Coding and Audit Risks

Common Risks
  • Site UnSpecificity

    Missing or unspecified laterality (right/left) or specific site details for melanoma diagnosis impacts accurate coding and reimbursement.

  • Histology Miscoding

    Incorrect coding of melanoma histology (e.g., in situ, invasive) leads to inaccurate staging and treatment planning, impacting quality metrics.

  • Ulceration Oversight

    Failure to document ulceration status (present/absent) affects staging, prognosis, and appropriate treatment coding for melanoma.

Mitigation Tips

Best Practices
  • Thorough skin exams:ICD-10 C43.9, C44.9. Document changes, size, color.
  • Dermoscopy aids early detection: ICD-10 L87.2. Code each lesion separately.
  • Biopsy suspicious lesions: ICD-10 L76.2. Precise site, size in cm documented.
  • Photography for tracking changes: ICD-10 Z01.818. Date/time all images.
  • Multidisciplinary review for complex cases: ICD-10 Z51.81. Record consensus diagnosis.

Clinical Decision Support

Checklist
  • Verify lesion size, site, morphology (ICD-10 C43.x)
  • Confirm histopathology report: melanoma subtype (SNOMED CT)
  • Check Breslow depth, ulceration, mitoses for staging (TNM)
  • Review sentinel lymph node biopsy results if indicated
  • Assess for distant metastasis: imaging, LDH (patient safety)

Reimbursement and Quality Metrics

Impact Summary
  • Melanoma reimbursement hinges on accurate ICD-10-CM (C43.-) coding, precise staging (TNM), and microscopically confirmed diagnosis. Impacts: Improved Case Mix Index (CMI), optimized revenue.
  • Quality metrics for melanoma focus on timely diagnosis, appropriate treatment (surgery, radiation, immunotherapy), and patient follow-up. Impacts: Enhanced hospital reputation, better patient outcomes.
  • Melanoma coding errors (e.g., unspecified vs. specific histology) can lead to claim denials, reduced reimbursement, and reporting inaccuracies. Impacts: Lower hospital profitability, potential compliance issues.
  • Accurate melanoma documentation specifying site, size, and ulceration is crucial for proper staging and optimal reimbursement. Impacts: Higher severity of illness (SOI) scores, justified resource utilization.
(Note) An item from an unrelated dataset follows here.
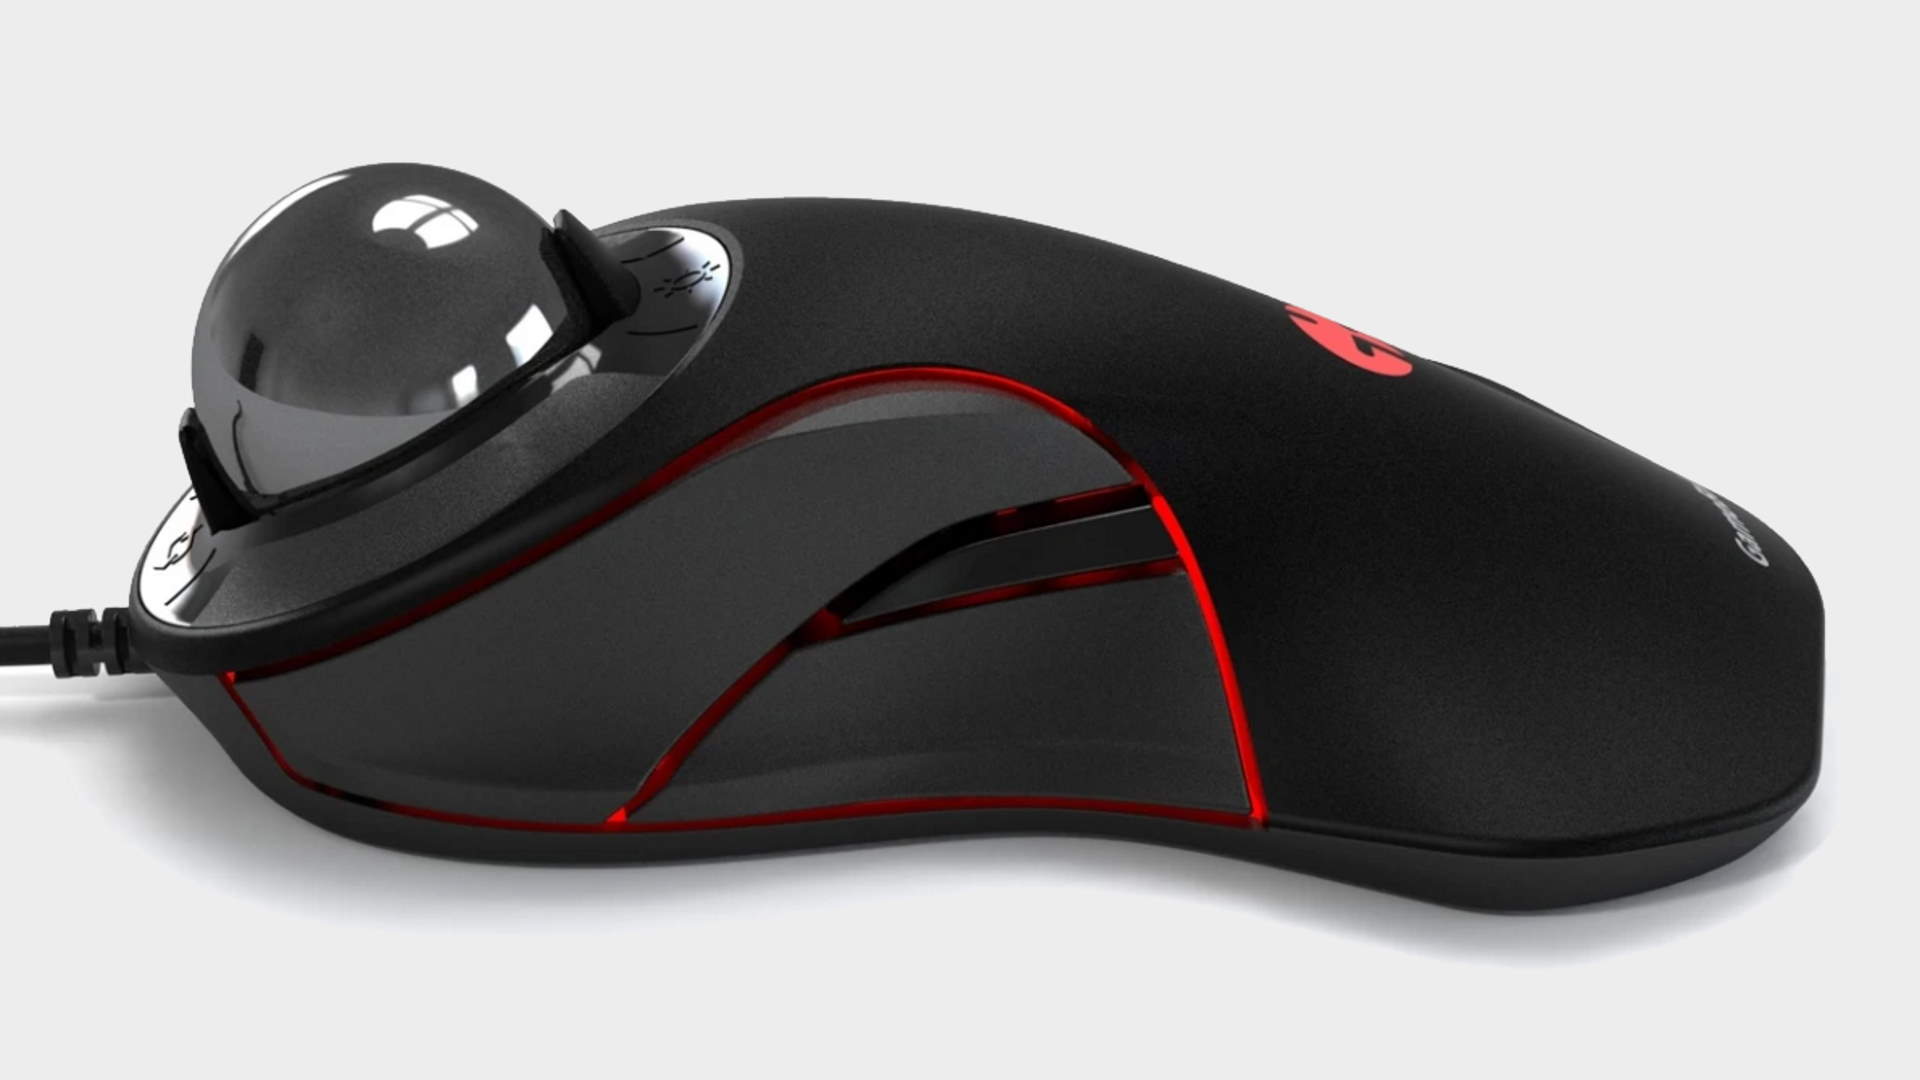 trackball mouse gaming

Streamline Your Medical Coding

Let S10.AI help you select the most accurate ICD-10 codes. Our AI-powered assistant ensures compliance and reduces coding errors.

Quick Tips

Practical Coding Tips
  • Code C43 for malignant melanoma
  • Document Breslow depth & ulceration
  • Specify site, laterality & histology
  • Use SNOMED CT for melanoma staging
  • Check ICD-10-CM guidelines for melanoma

Documentation Templates

Patient presents with a concerning skin lesion suspicious for melanoma.  History includes new or changing mole, exhibiting features concerning for malignancy such as asymmetry, border irregularity, color variegation, diameter greater than 6mm, and evolution over time (ABCDE criteria).  The patient reports  (insert pertinent negatives or positives such as itching, bleeding, pain, or no symptoms).  Family history is positive/negative for melanoma and other skin cancers.  Past medical history includes (list relevant medical conditions, sun exposure history, prior skin biopsies or melanoma diagnoses).  Physical examination reveals a (color) pigmented lesion located on the (body location), measuring (size) mm in diameter.  The lesion exhibits (describe characteristics such as asymmetry, border irregularity, color variations, elevation, ulceration).  Differential diagnosis includes melanoma, atypical nevus, basal cell carcinoma, squamous cell carcinoma, seborrheic keratosis.  Impression is suspicious for cutaneous melanoma.  Plan includes excisional biopsy with margins for histopathologic evaluation, sentinel lymph node biopsy if indicated by Breslow thickness, and referral to dermatology andor oncology for further management based on pathology results.  Patient education provided on melanoma risk factors, sun protection strategies, and skin self-examination.  ICD-10 code C43.9 Malignant melanoma of skin, unspecified will be used pending pathology confirmation.  CPT codes for the planned procedures will be determined based on the complexity of the biopsy and any additional procedures performed.  Follow-up appointment scheduled for (date) to discuss pathology results and treatment plan.